10/24/2012 04:23 pm ET Updated Dec 06, 2017

Africa Coming to Annenberg Space for Photography!

Photo courtesy of Rizzoli

Africa has always fascinated me. Still does. That huge, chaotic and conflicted continent is still mysterious to most Americans, including me. When I was young I visited there several times. The first time was to Kenya in the late '50s, scouting locations for a Cinerama film based on Joseph Kessel's best-selling novel, The Lion. I quickly learned that the bulky, noisy Cinerama cameras were not conducive to shooting wild lions close-up, so that movie was never made. (But I did get to option the film rights to Kessel's other best-seller, Belle de Jour, which unfortunately was made later by others featuring my star, Catherine Deneuve. But that's another story for another day.) In the early '60s I visited Cape Town and Johannesburg, South Africa, scouting locations for another film, one which I had written for Joe Levine, The War Horses, also not made. (Premise: the Boer War of Africa was actually won on a ranch in the American West.) And later in the decade I went to Morocco at the behest of the then-King to ascertain its possibilities for filming. Yes, Africa fascinates me... which is why I was at Santa Monica's Broad Stage last week for a National Geographic Live lecture by two astonishing women about Africa and their new book, Painted Bodies.

Painted Bodies is the new book from these famed photographers/explorers.

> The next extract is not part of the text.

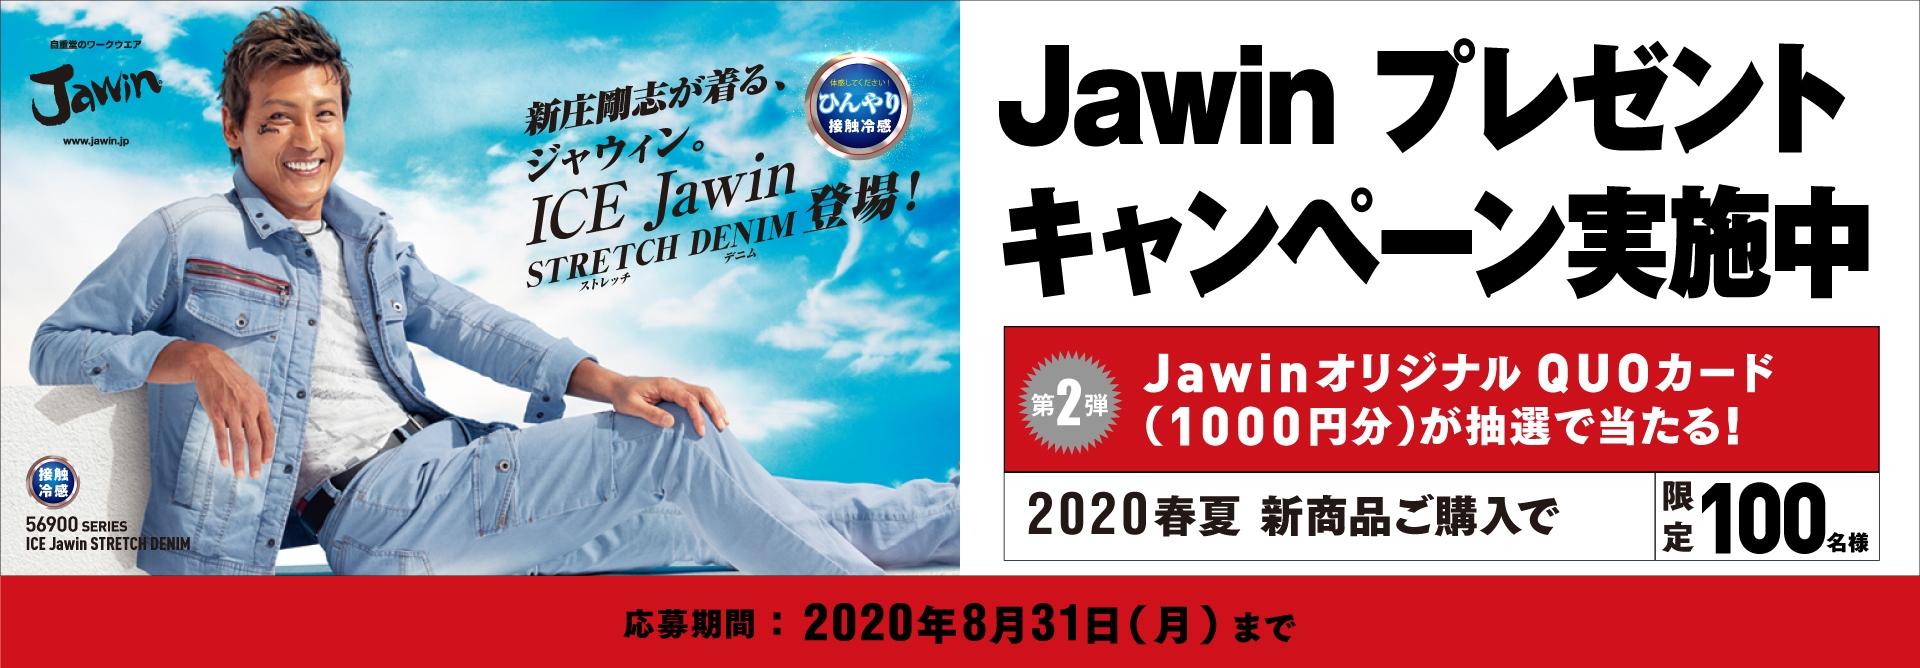 Jawin予約購入プレゼントキャンペーン

The two women, Angela and Carol, pose for me at the Broad Stage lecture.

Two years ago their lovely publicist, Caroline Graham, had shown me a book that these two women had compiled about the Dinka people, of the Darfur region of the Sudan, caught in the middle of a brutal civil war -- one that George Clooney was bringing to the world's attention. So I had some knowledge about these women, Carol Beckwith and Angela Fisher, before the lecture, which I just attended. But there I learned a lot more about them, their new book, and the coming exhibition of their works at the Annenberg Space for Photography in Century City.

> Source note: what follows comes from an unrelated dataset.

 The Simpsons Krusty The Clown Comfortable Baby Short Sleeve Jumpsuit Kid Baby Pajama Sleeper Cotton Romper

On stage Carol told the story of how they met:

My father gave me a college graduation gift of a balloon flight over the Serengeti Plains of Africa, knowing of my fascination with that continent. In the gondola, this attractive Brit ballooner named Eric said that I had to meet his sister, Angela, an Australian girl who was also interested in Africa. She was in London at the time, and eventually we met there... and have been partners in our projects for the past 30 years.

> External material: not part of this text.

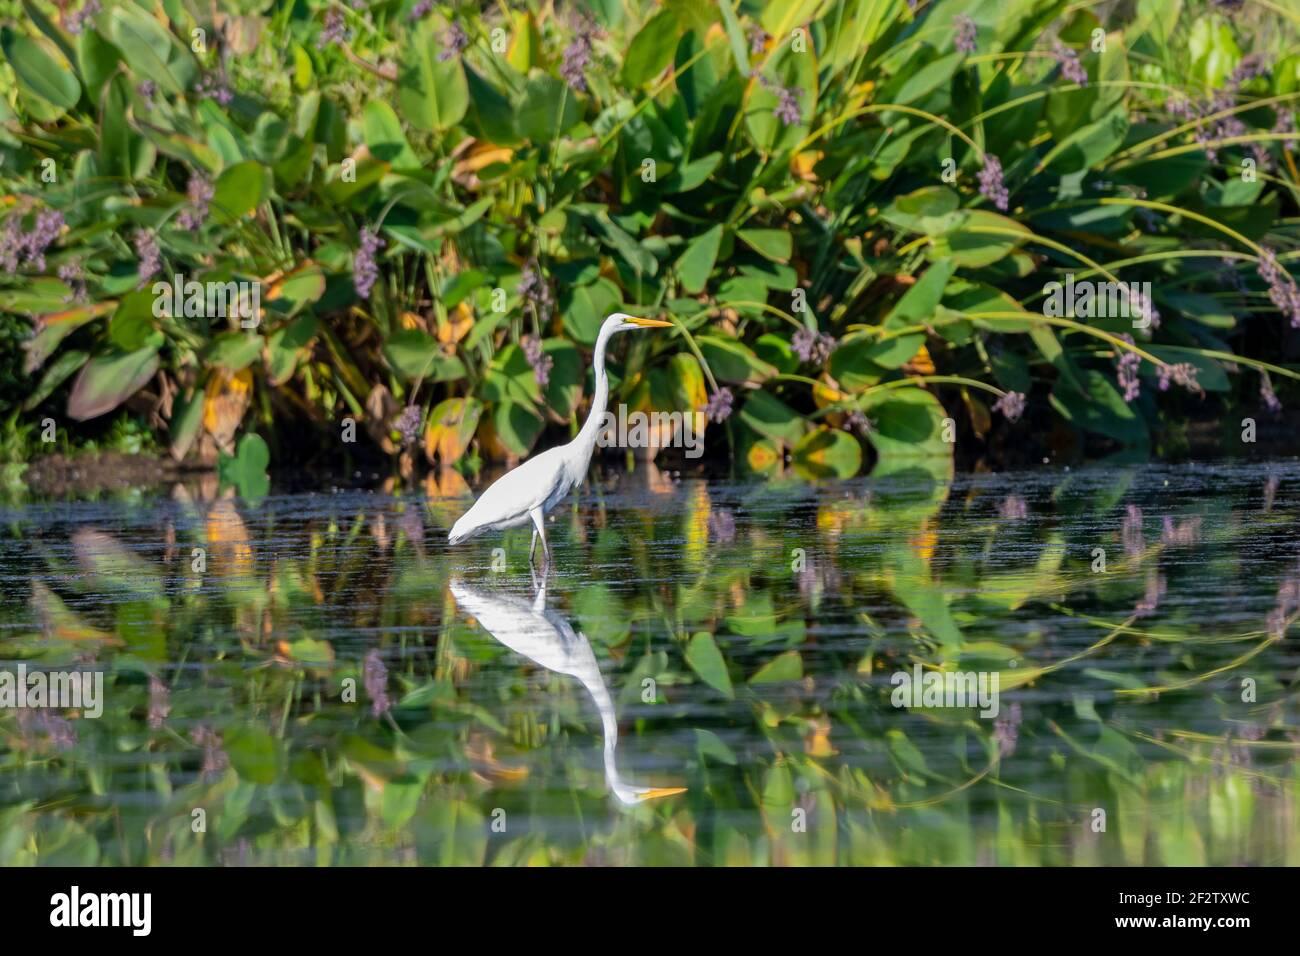 00688-03105 Gran Garza (Ardea alba) pesca cerca de Canna de agua (Canna glauca) en el humedal Marion Co.IL Foto de stock

The two charming (and very attractive!) women have traveled the length and breadth of the African continent photographing and chronicling the story of the native cultures. Their unique, acclaimed images covering 150 African cultures and 40 countries were made in journeys traveling 270,000 miles. As young female explorers, they saw Africa through the eyes of its people, photographing each group meticulously, from their body adornments to the ritual passages through life, telling the stories of the men, women and children within the vibrant traditions of their cultures. Fifteen best-selling books and several films have resulted from these journeys, with their double-volume book, African Ceremonies, selling over one hundred thousand copies and winning the 'United Nations Award for Excellence' in understanding the role of cultural traditions in the pursuit of world peace.


Image from Painted Bodies

Photo courtesy of Rizzoli

On November 17th, the exhibit, No strangers: ancient wisdom in a modern world, will open at the Annenberg Space for Photography in Century City (2000 Avenue of the Stars,(213) 403-3000). The exhibit is free to all visitors. Parking is under the building.) This exciting and unique exhibit curated by National Geographic Explorer in Residence Wade Davis will showcase, among other photographers, many of Carol and Angela's photographs and films taken in Africa over the past 30 years. This is their first major exhibition here. The photos are taken from many of their works, including their new Rizzoli book, Painted Bodies: African Body Painting, Tattoos, and Scarification." It is one of the most stunning photo books I have ever seen, since I had gone out to the lobby after their lecture and and bought a copy. (See some of the images here.) In their lecture the women said that the dynamic act of body painting was first initiated to attract the opposite sex, identify oneself from the enemy, and access the spirit world. Using the skin as a canvas and the earth as a palette, body painting has always been a vital outlet for creative design. Has it ever. You will be astonished and amazed by what you see in the book and the upcoming show.


Photo courtesy of Rizzoli


Young painted woman.

Photo courtesy of Rizzoli

I suggest you make plans to visit the Annenberg immediately after Nov. 17th, since I suspect it will be a very popular exhibit. The two women told me that it is a group show about the wonder of culture and the plight of indigenous people around the world. The exhibit poses a fundamental question: What does it mean to be human and alive?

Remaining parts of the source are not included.